New Jersey Statutes 54A:11-2. Definitions relative to required health insurance coverage
Terms Used In New Jersey Statutes 54A:11-2
- Contract: A legal written agreement that becomes binding when signed.
- Corporation: A legal entity owned by the holders of shares of stock that have been issued, and that can own, receive, and transfer property, and carry on business in its own name.
- State: extends to and includes any State, territory or possession of the United States, the District of Columbia and the Canal Zone.
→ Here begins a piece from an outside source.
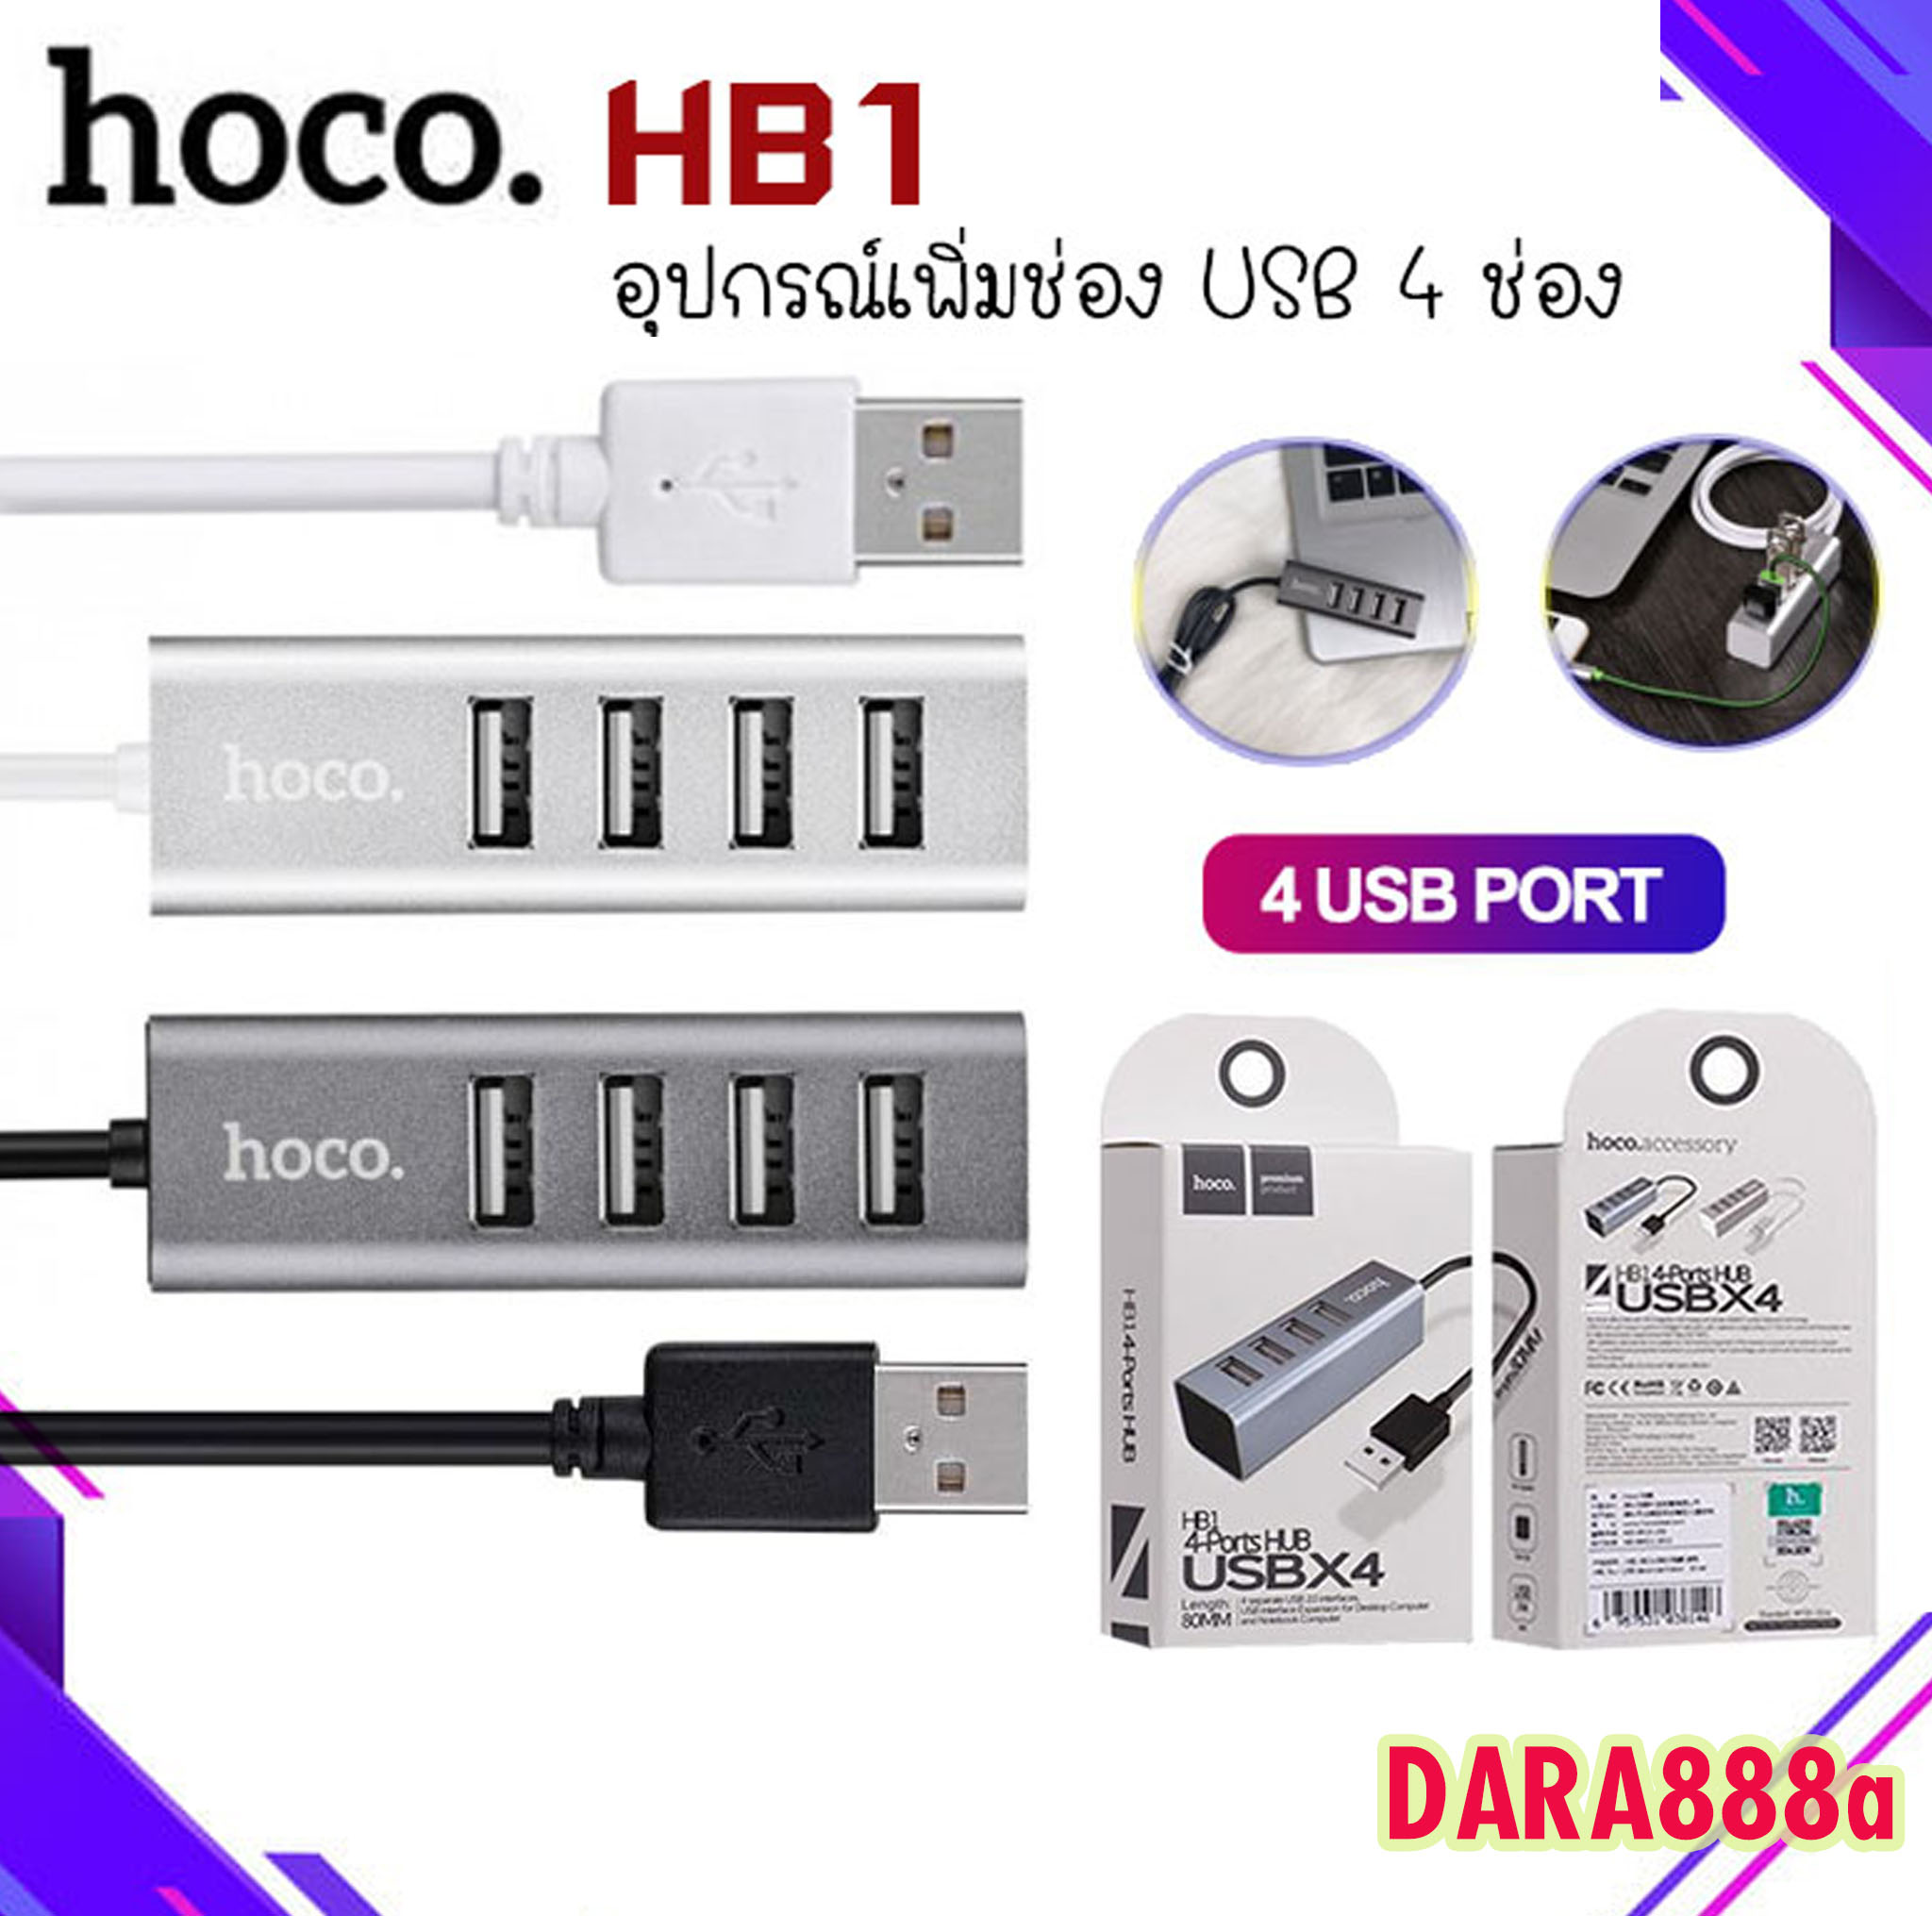 Hoco HB1 Ports HUB ตัวแปลง ที่ชาร์จ เพิ่มช่อง อุปกรณ์เพิ่มช่อง USB ใช้งานง่าย สินค้าของแท้100% dara888a

See New Jersey Statutes 1:1-2
“Affordable Care Act” means the federal “Patient Protection and Affordable Care Act,” Pub.L.111-148, as amended by the federal “Health Care and Education Reconciliation Act of 2010,” Pub.L.111-152, and any federal rules and regulations adopted pursuant thereto.
“Applicable individual” means the same as defined in 26 U.S.C. § 5000A(d)(1).
“Carrier” means any entity that contracts or offers to contract to provide, deliver, arrange for, pay for, or reimburse any of the costs of health care services, including a sickness and accident insurance company, a health maintenance organization, a hospital or health service corporation, a multiple employer welfare arrangement, an entity under contract with the State Health Benefits Program or the School Employees’ Health Benefits Program to administer a health benefits plan, or any other entity providing a health benefits plan.
“Minimum essential coverage” means the same as defined in 26 U.S.C. § 5000A(f)(1).
L.2018, c.31, s.2.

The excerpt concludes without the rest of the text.